• **Exercise**: What lines in the listing below hold the string "with"? Please copy them out.

—————

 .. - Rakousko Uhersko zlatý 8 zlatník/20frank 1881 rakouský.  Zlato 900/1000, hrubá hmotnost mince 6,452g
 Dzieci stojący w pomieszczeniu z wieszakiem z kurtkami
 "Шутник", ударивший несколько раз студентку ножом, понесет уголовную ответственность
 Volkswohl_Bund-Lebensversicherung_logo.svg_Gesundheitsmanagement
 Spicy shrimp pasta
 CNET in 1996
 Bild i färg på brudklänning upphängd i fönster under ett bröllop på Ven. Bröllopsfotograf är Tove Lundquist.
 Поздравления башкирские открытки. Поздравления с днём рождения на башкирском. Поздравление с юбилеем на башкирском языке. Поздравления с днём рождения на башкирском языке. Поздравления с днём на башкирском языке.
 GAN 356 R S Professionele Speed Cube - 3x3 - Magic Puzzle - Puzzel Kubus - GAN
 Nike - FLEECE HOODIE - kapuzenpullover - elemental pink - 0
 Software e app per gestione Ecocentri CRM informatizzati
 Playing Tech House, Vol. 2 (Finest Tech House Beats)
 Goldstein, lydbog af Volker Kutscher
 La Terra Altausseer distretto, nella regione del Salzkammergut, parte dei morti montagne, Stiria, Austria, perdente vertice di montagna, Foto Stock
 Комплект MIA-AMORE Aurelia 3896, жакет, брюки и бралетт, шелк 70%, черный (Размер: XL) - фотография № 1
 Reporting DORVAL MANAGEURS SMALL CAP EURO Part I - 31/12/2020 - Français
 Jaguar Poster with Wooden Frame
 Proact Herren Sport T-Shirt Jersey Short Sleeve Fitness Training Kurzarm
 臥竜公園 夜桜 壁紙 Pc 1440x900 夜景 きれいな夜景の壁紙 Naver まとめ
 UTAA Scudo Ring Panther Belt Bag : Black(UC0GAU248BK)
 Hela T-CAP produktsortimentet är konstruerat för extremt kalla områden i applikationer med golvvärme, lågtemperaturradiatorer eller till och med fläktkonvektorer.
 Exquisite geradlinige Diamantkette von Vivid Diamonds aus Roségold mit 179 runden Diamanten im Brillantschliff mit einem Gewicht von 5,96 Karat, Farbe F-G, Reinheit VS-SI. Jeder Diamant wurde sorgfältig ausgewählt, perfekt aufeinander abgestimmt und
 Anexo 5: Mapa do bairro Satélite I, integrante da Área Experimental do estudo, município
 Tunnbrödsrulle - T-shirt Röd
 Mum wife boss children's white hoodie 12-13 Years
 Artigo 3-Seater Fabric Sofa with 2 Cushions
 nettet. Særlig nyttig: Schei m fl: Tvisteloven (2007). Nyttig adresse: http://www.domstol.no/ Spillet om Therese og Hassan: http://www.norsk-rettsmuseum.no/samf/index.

—————

• **Completed exercise**:
 Jaguar Poster with Wooden Frame
 Artigo 3-Seater Fabric Sofa with 2 Cushions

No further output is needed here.